I took the challenge.
I've been reading a chapter each morning on my Gospel Library App and I felt like writing my thoughts would really challenge me.

Forgive me for being IRRITATINGLY OBVIOUS, but THIS HAS BEEN A CHALLENGE.  Actually doing it isn't hard, but trying to have thoughts worth writing right as I wake up?
Forgeddabboudit.

Some mornings I wrote deep things like, "I think I'm doing this wrong."
Some mornings I wrote honest things like, "Checked facebook first out of habit."
Some mornings I had insights like, "I AM THE LOST SHEEP, not one of the ninety and nine."
And one morning, I learned what I already knew:

The Lord had been simply sending me a message the only way He knows to get through: repetition.
I read in Luke 20 verse 18:

"Whosoever shall fall upon that stone shall be broken..."

Verse 17 references stone to ROCK.

What does this mean to me?  That when I fall on the Lord, I am broken.

God has let me know that I'm doing His will.
There is beauty in the breaking and the broken.

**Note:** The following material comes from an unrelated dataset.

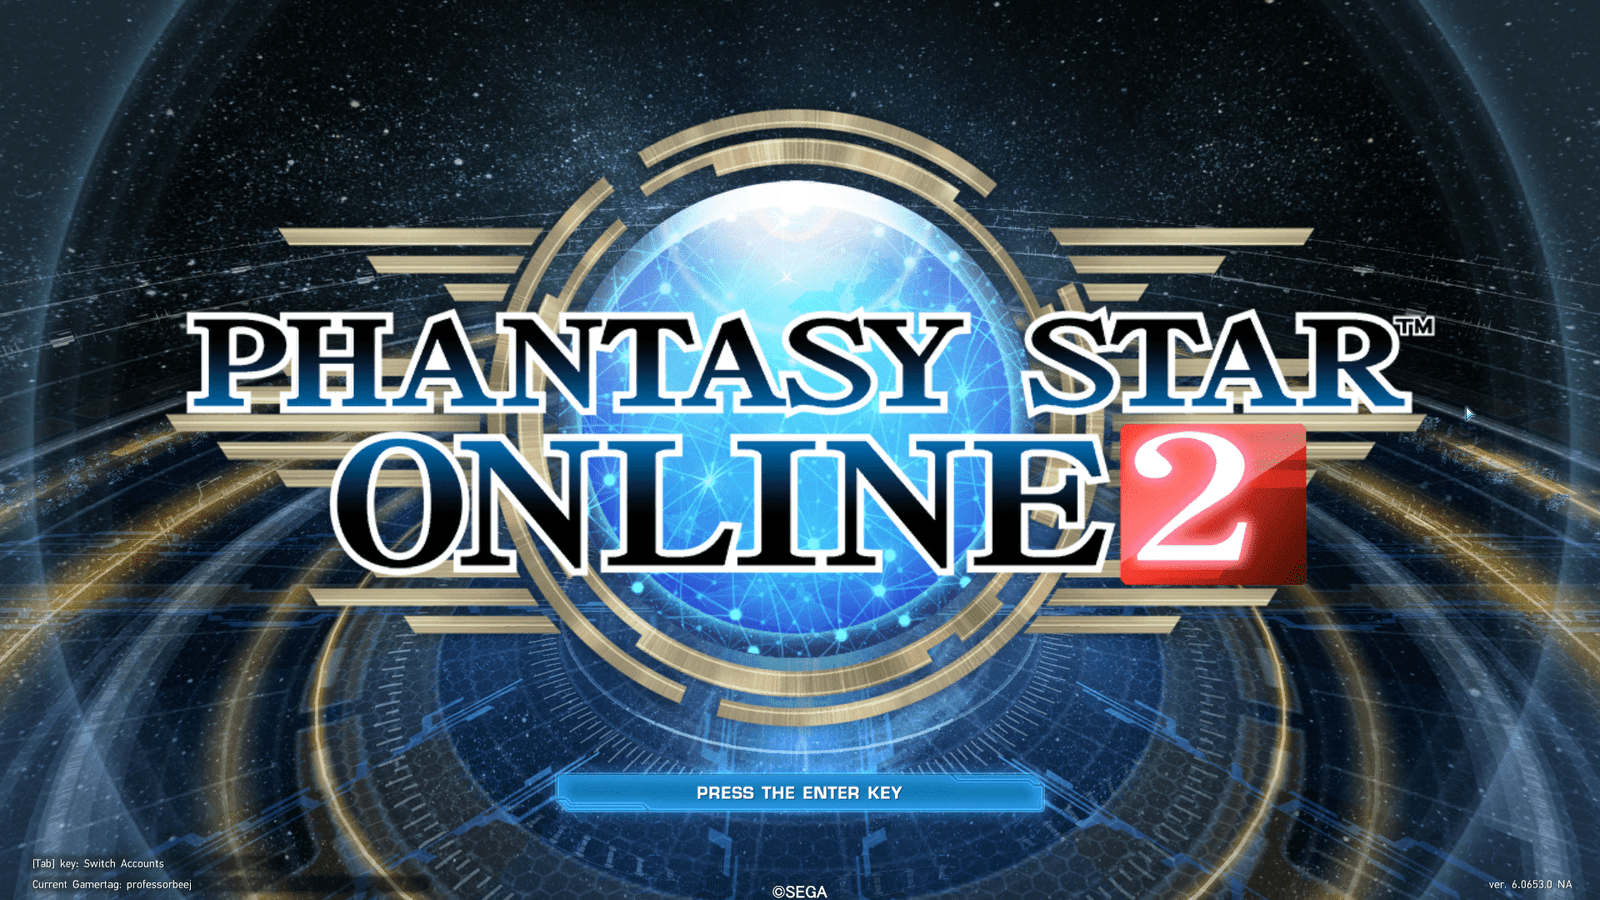 phantasy star online 2 logo and title screen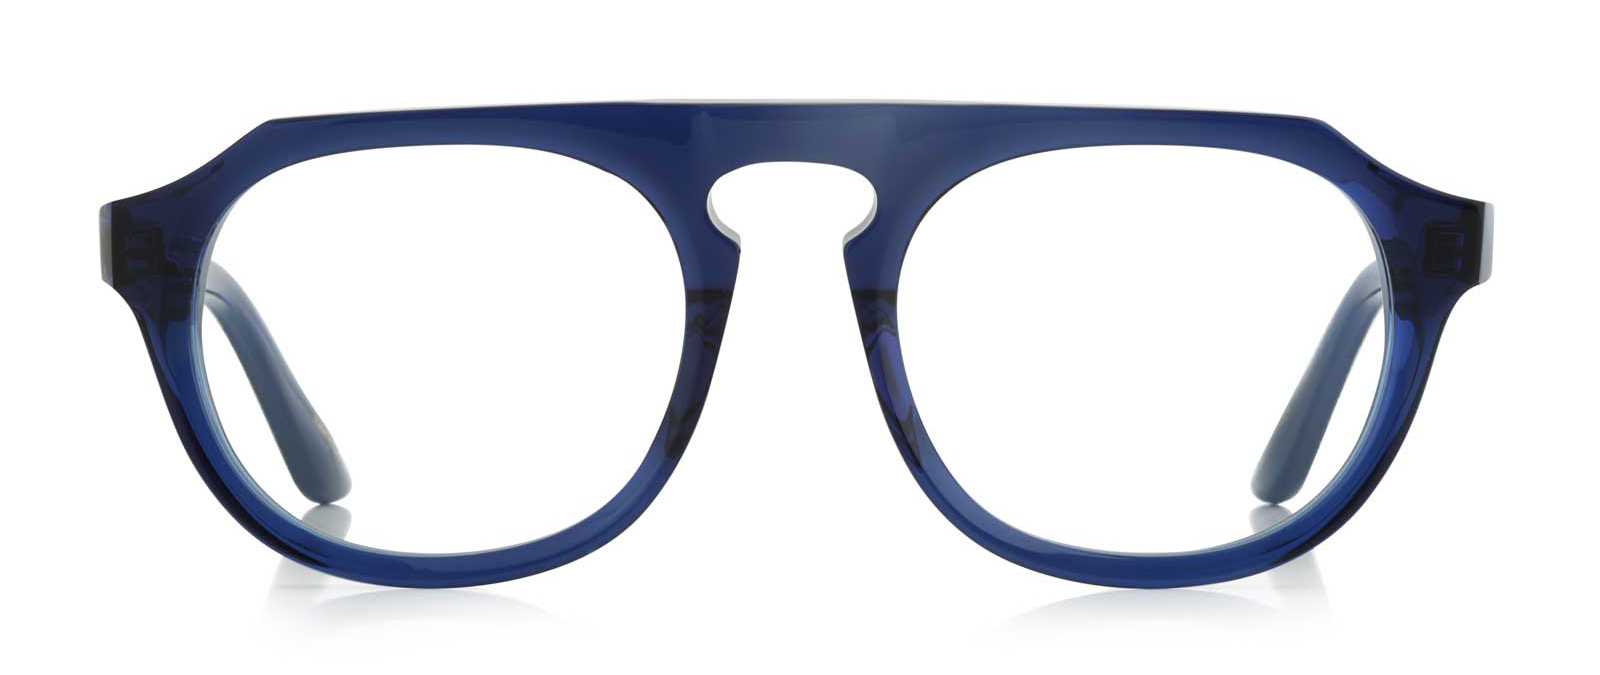 Rounded, blue plastic frame with a keyhole bridge

While my heart aches and my soul longs for trust and safety in my broken marriage and heart, the Lord has shown me truth.
Letting go of control and turning it over to God IS NOT easy, but IT IS what I want to do. 

I know now that because my entire world is broken, I AM FALLING ON GOD.

Peace has come, all is well -because all is broken.

Monday, December 30, 2013

Trauma is For OTHER People


The first time someone suggested that I'd been traumatized by my husband's addiction, I scoffed inside.  Look, I know this whole thing is super duper hard and confusing... but trauma?  It made me feel like some sort of feeble, crying, cowering, hurting woman.

Which I actually was.
But I didn't like *thinking* of myself in that light.

As I continued in my recovery, more trauma education rolled in, and I hated how much it resonated with what was going on in my life (or had gone on in the past).  And after a few months, I accepted it.

Hi, my name is Alicia and I'm a trauma survivor (sounds so much better than trauma victim, yes?).

A few days ago, I was watching a few videos online with my husband.  He had been up late the night before watching some innocent and clean music videos (The reality show sort where people with raw talent audition).  We watch them together a lot.
I held my crochet hook in my hand and focused on my stitches as my husband flipped through videos, "Watch this one, listen to this... honey, you gotta see this part."
The singers were beautiful women.  Talented women.  My heart began picking up pace.  My stitching became faster... as a young blonde with flawless skin took the stage, I couldn't take it anymore.
"I can't watch her anymore," I blurted out, "I just keep thinking how in the past you've ________________."
"Okay," my husband said and switched to a different video, "I promise there wasn't any lusting on my side, I just like the music."
But it was too late.  The reaction had hit.  Pretty soon, I couldn't see my stitches through my hot tears.  I set my project down and relocated to my bathroom.
I locked the door and took my place in the middle of the floor and let it come out.  I sobbed.  Really hard.
I prayed.  Really hard.
I could hear my sponsor's voice echoing in my head, "Alicia, your peace has been taken.  What can you do to get it back?"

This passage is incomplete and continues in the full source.